Hinchliffe fell into decline after being taken over by the Paterson school system in the 1960s. While still in use through 1997, various updates led to maintenance problems, including an instance where an enlarging of the field led to a sinkhole. Eventually, without the money available to correct all of the problems associated with the field, the stadium was closed at the end of the 1996 – 1997 school year and continued to decay. The groundbreaking ceremony in 2021 represented the culmination of decades of work by the Friends of Hinchliffe Stadium and local government, among others, to save the site and ensure its future use as a ballpark. 

Renovations are expected to be complete this fall, even though that timeline looked far off from my vantage point at the top of a picnic table.

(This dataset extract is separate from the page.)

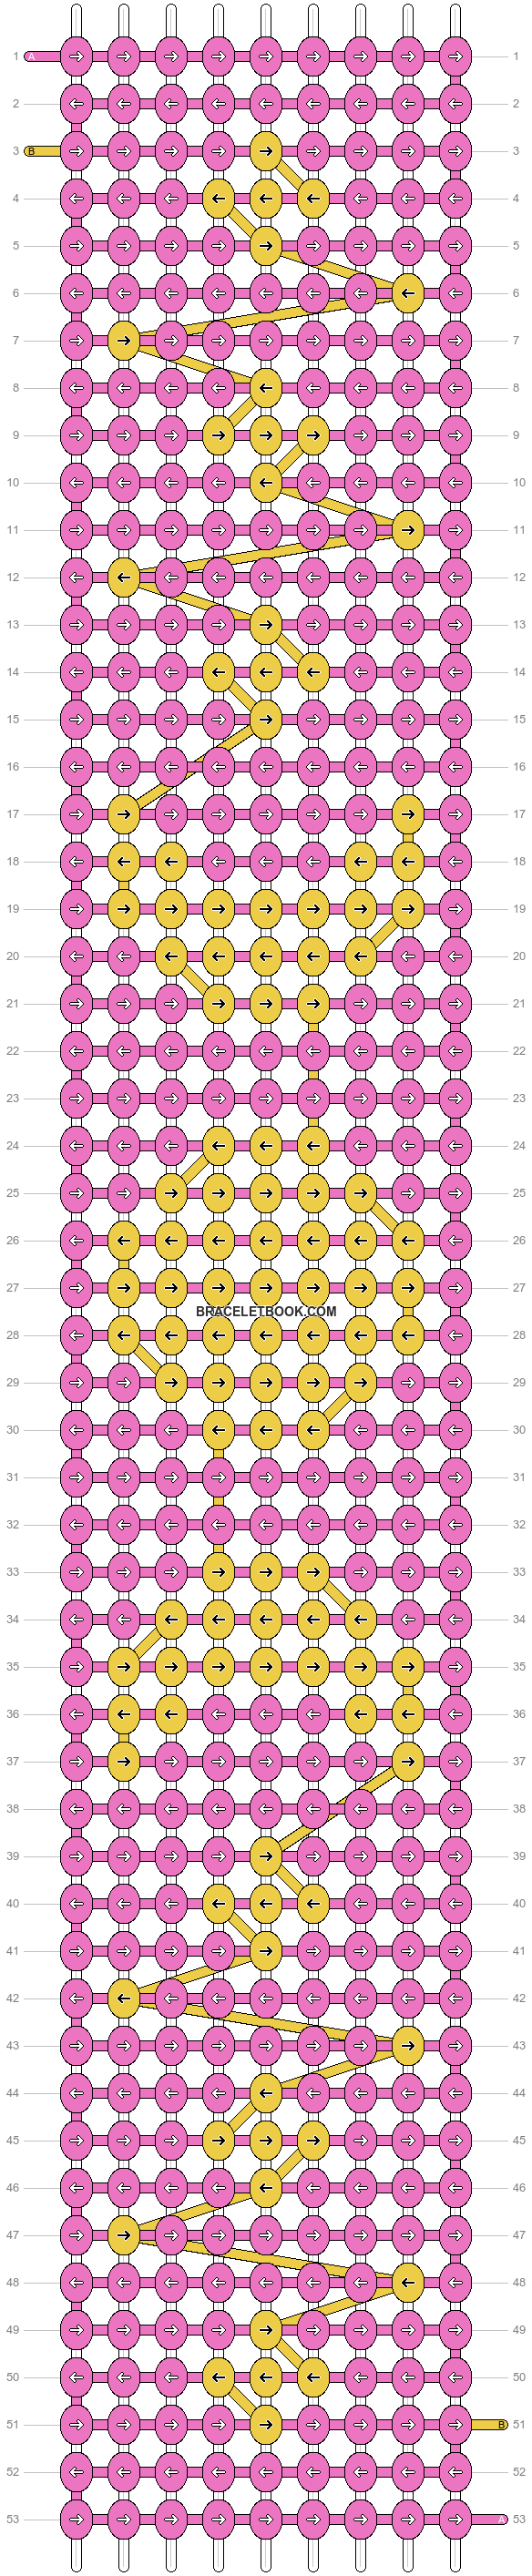 Alpha pattern #60782 variation #133457 pattern

Nevertheless, I climbed off the table and made my way back to the car, stopping multiple times along the way to take in more of the architectural details of the site, to imagine how busy the street must have been on game day, to picture an audience roaring as Abbott and Costello performed their “Who’s on First” routine literally on first (the duo performed at Hinchliffe at least once—Costello grew up in Paterson).

More than anything, however, as I got into my car, I was struck by the importance of the site in the history of American organized baseball, and the perseverance of the men who played despite the color line blocking them from MLB. Baseball continues to have a problem with race, including in attracting Black fans and players; biases from umpires in calling strike zones for non-white players; and outright racism towards players who call out systemic racism and protest for change. The deterioration of Hinchliffe Stadium is yet another link in that chain, a glossing over of the importance of the Negro Leagues and the prejudice that prevented some of the most talented ballplayers from stepping foot in MLB during their time.

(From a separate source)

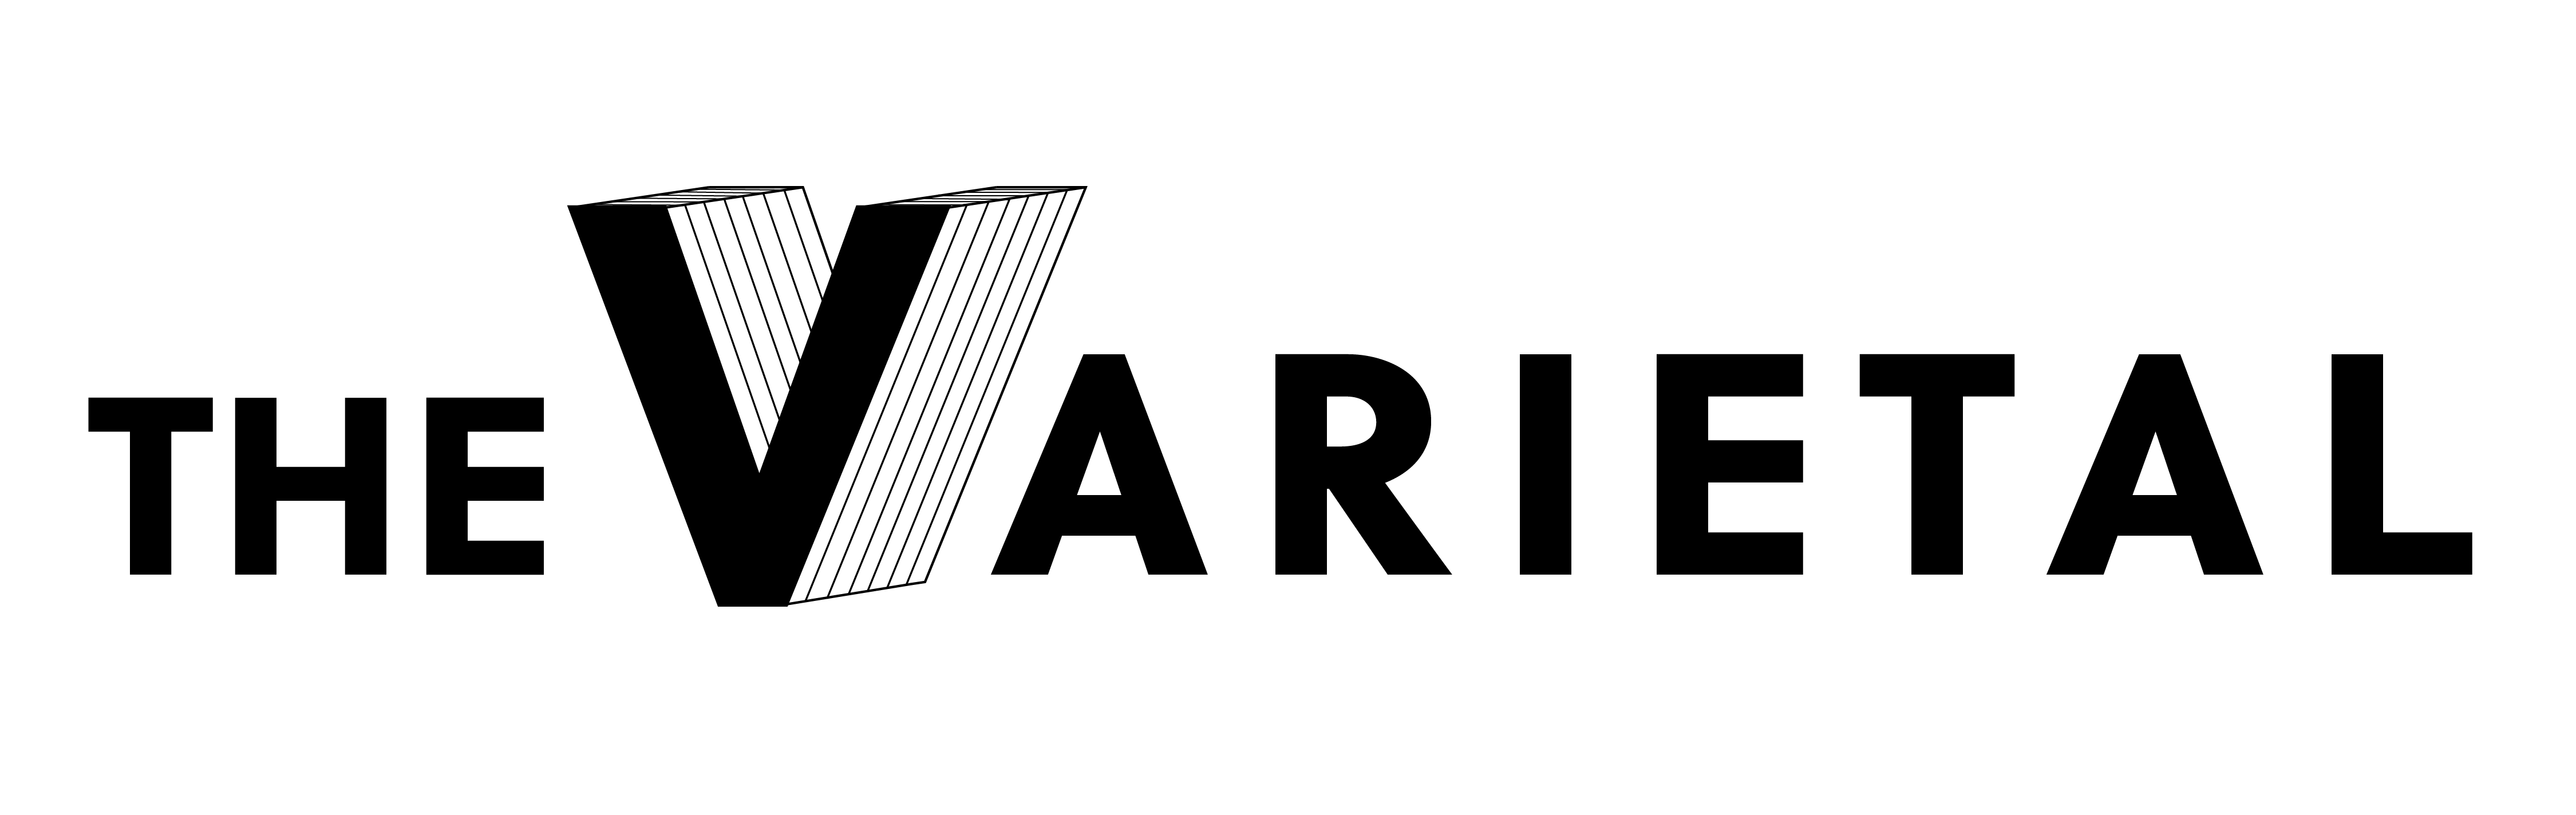 The Varietal literature logo

The revitalization of the stadium, however, provides the opportunity to atone for some of those wrongs and to re-emphasize the importance of the Negro Leagues. MLB in particular, through hosting a Field of Dreams-style game at Hinchliffe, has the opportunity to remind the broader baseball audience of the significance of the stadium, the time period, the players, and the Negro Leagues. The chance is there to attract a wider audience and give the stadium the fanfare and reintroduction it deserves, after so many years of decay.

I could only hope, as I drove away, that MLB takes that chance.